+++ Data below

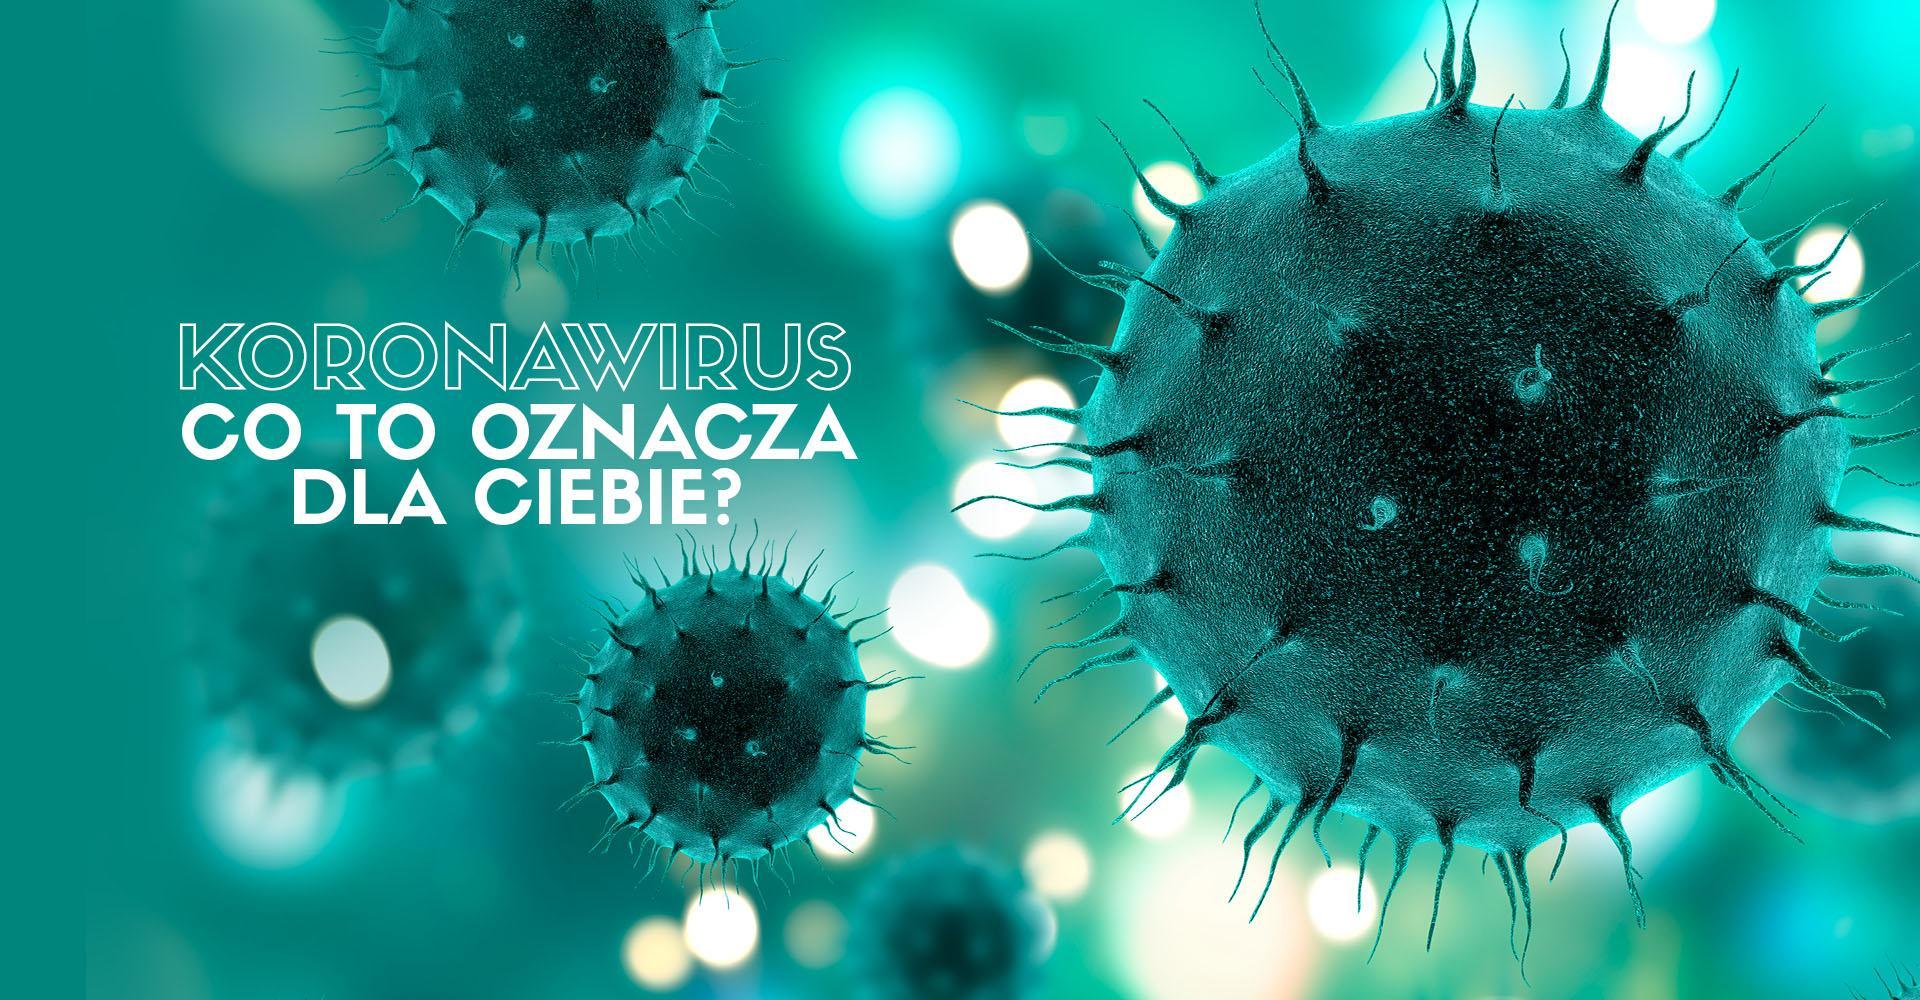 koronawirus co to oznacza dla Ciebie, jak zminimalizować ryzyko zakażenia?!
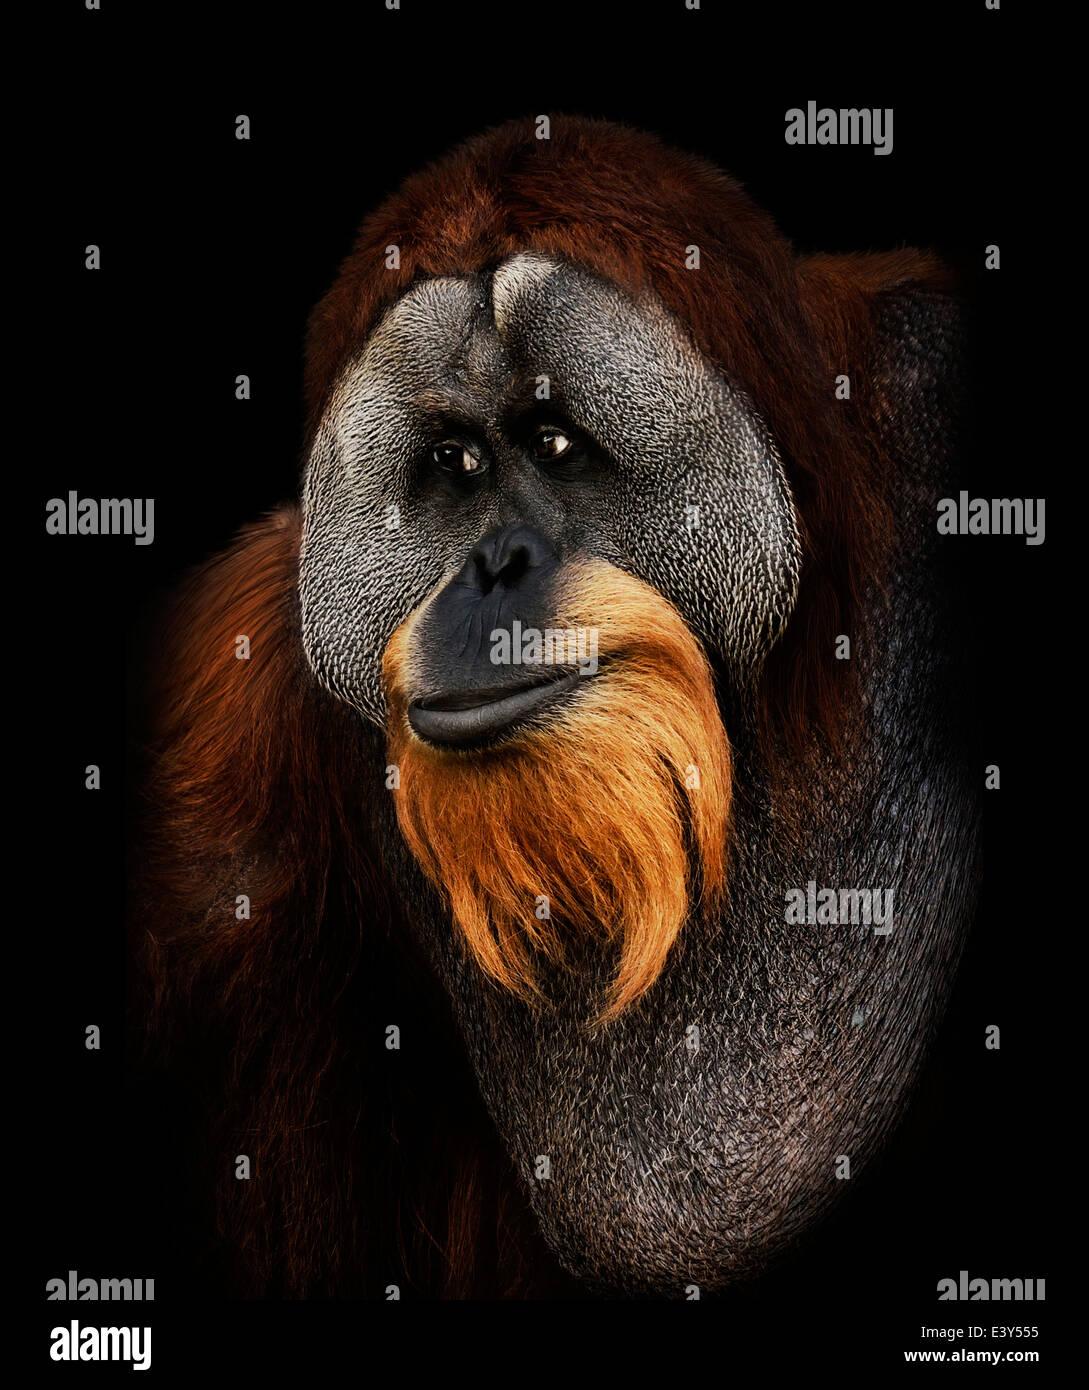 Orangutan ritratto su sfondo nero Immagini Stock
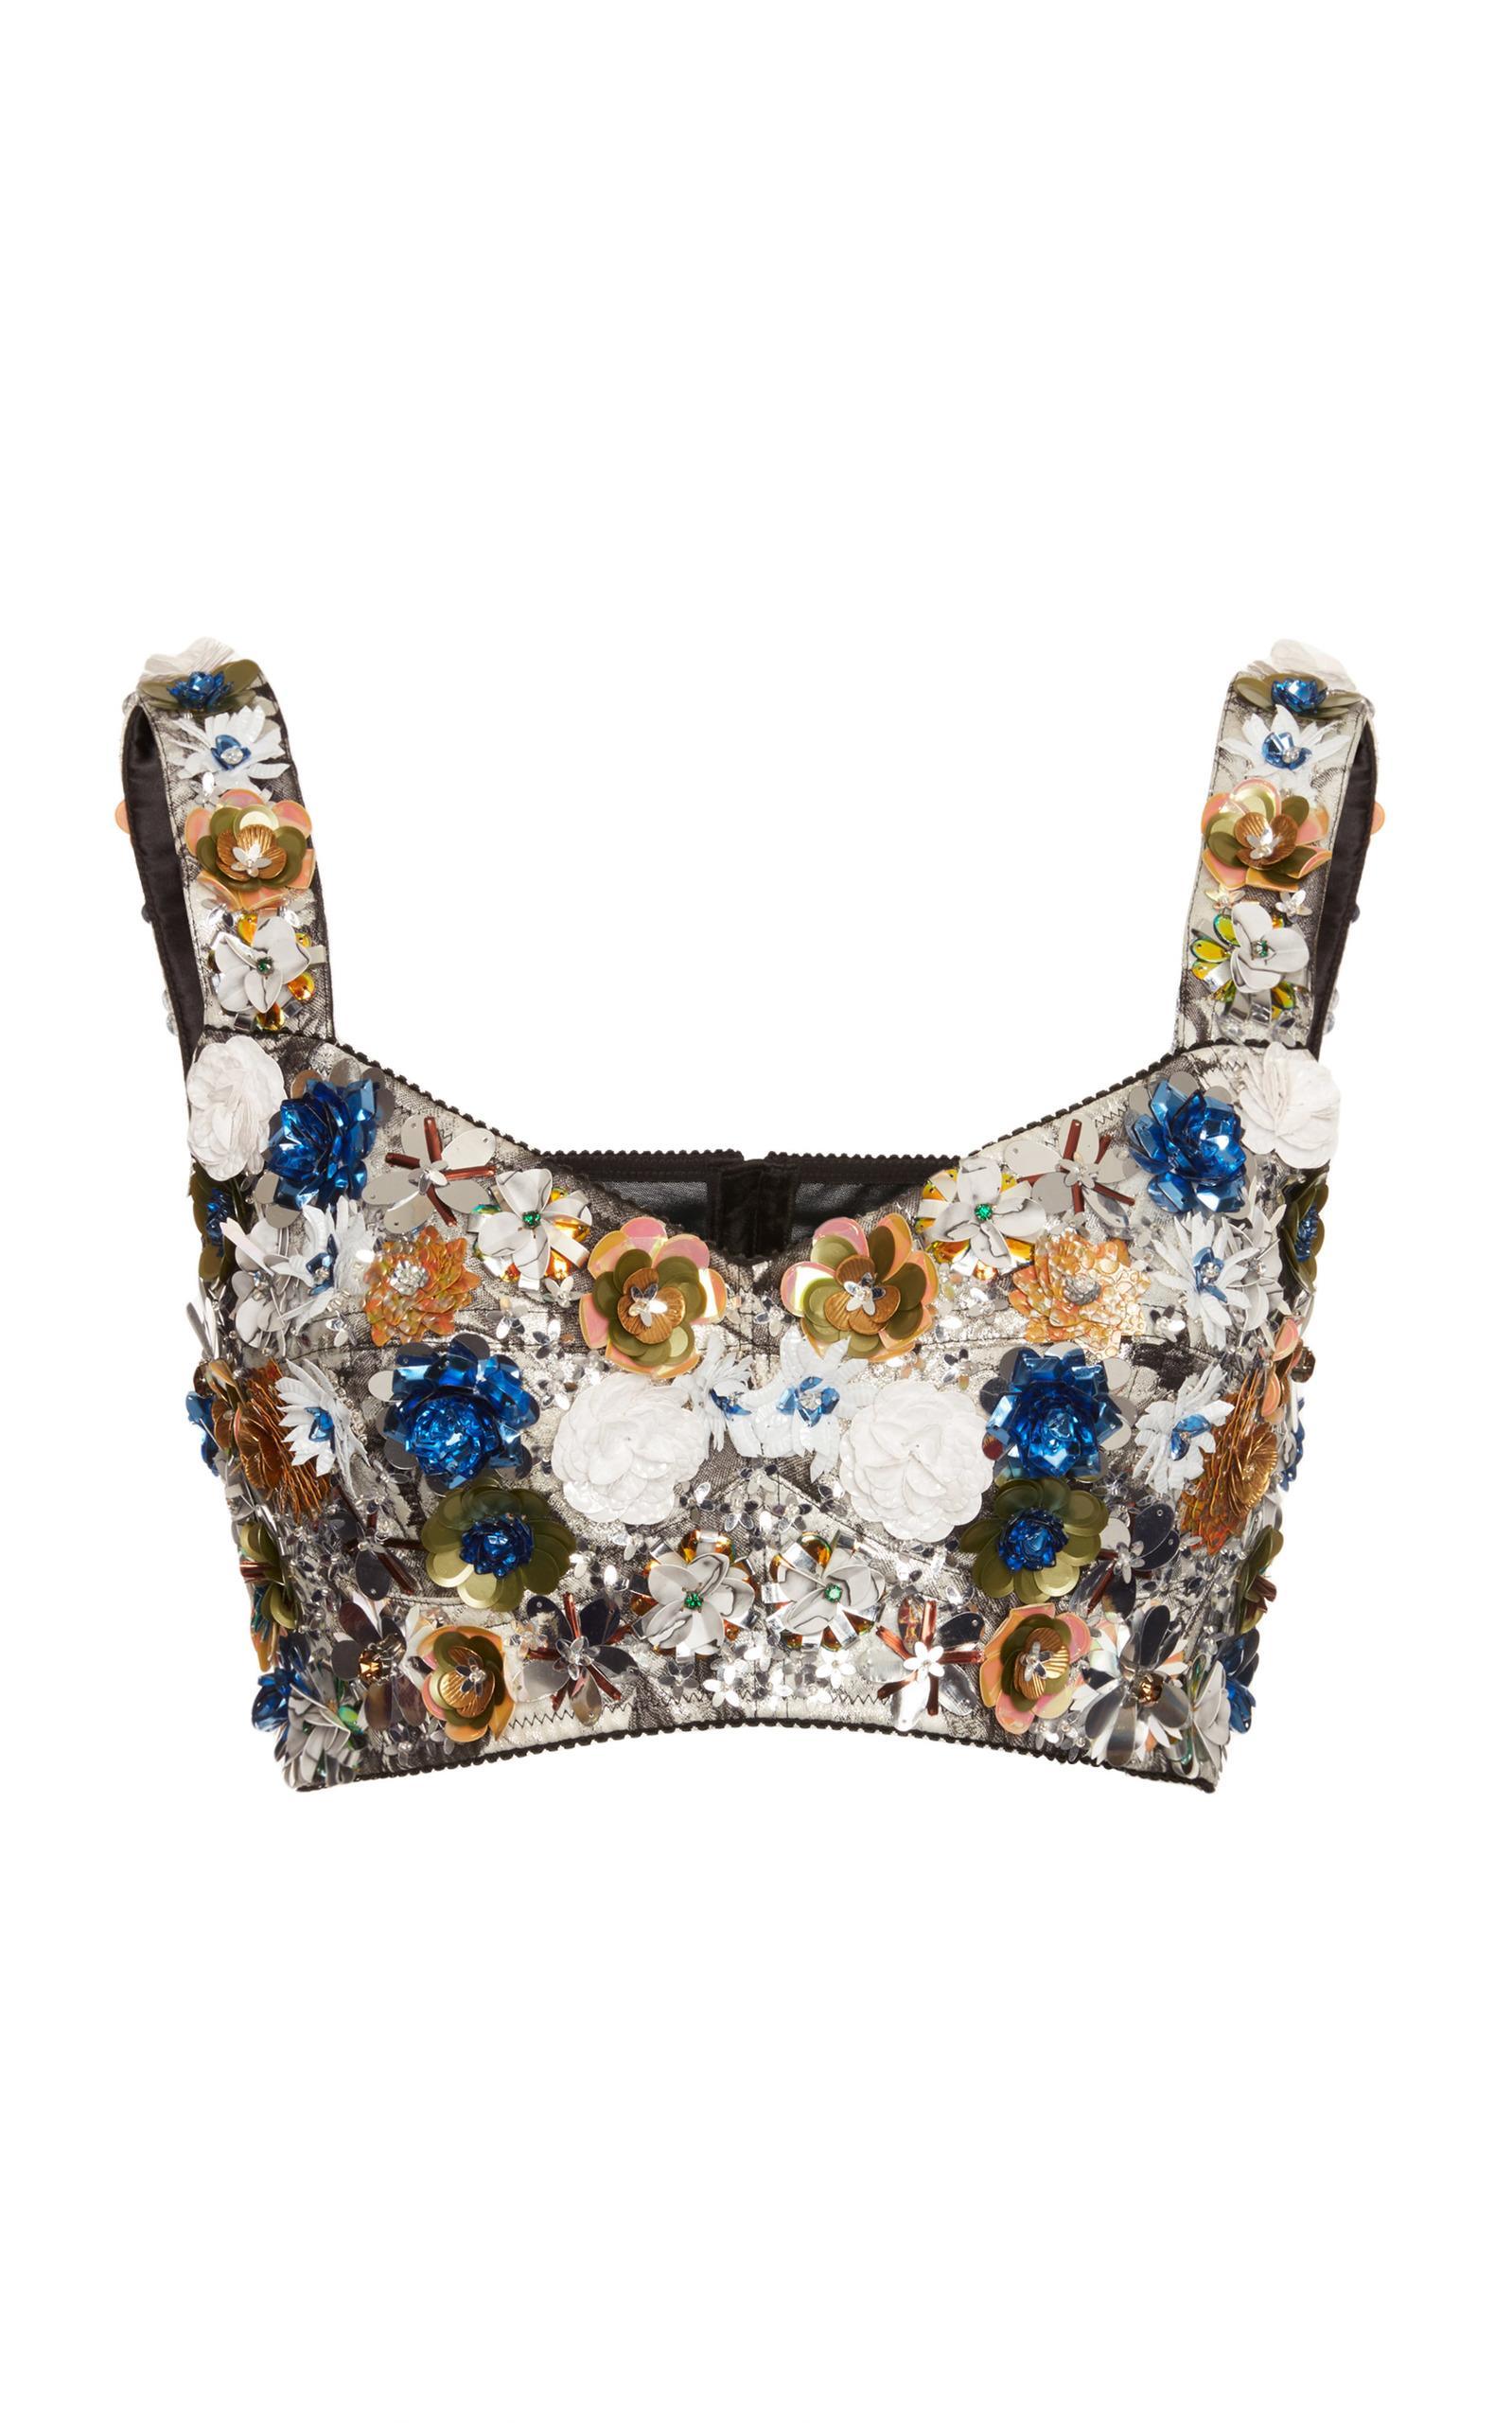 Dolce & Gabbana Sequin Embellished Bralette In Multi

++++++

» Requirement: All of the material must be given again exactly, though no picture may appear in the copy.

» The answer:
 koronawirus co to oznacza dla Ciebie, jak zminimalizować ryzyko zakażenia?!
 Orangutan ritratto su sfondo nero Immagini Stock
 Dolce & Gabbana Sequin Embellished Bralette In Multi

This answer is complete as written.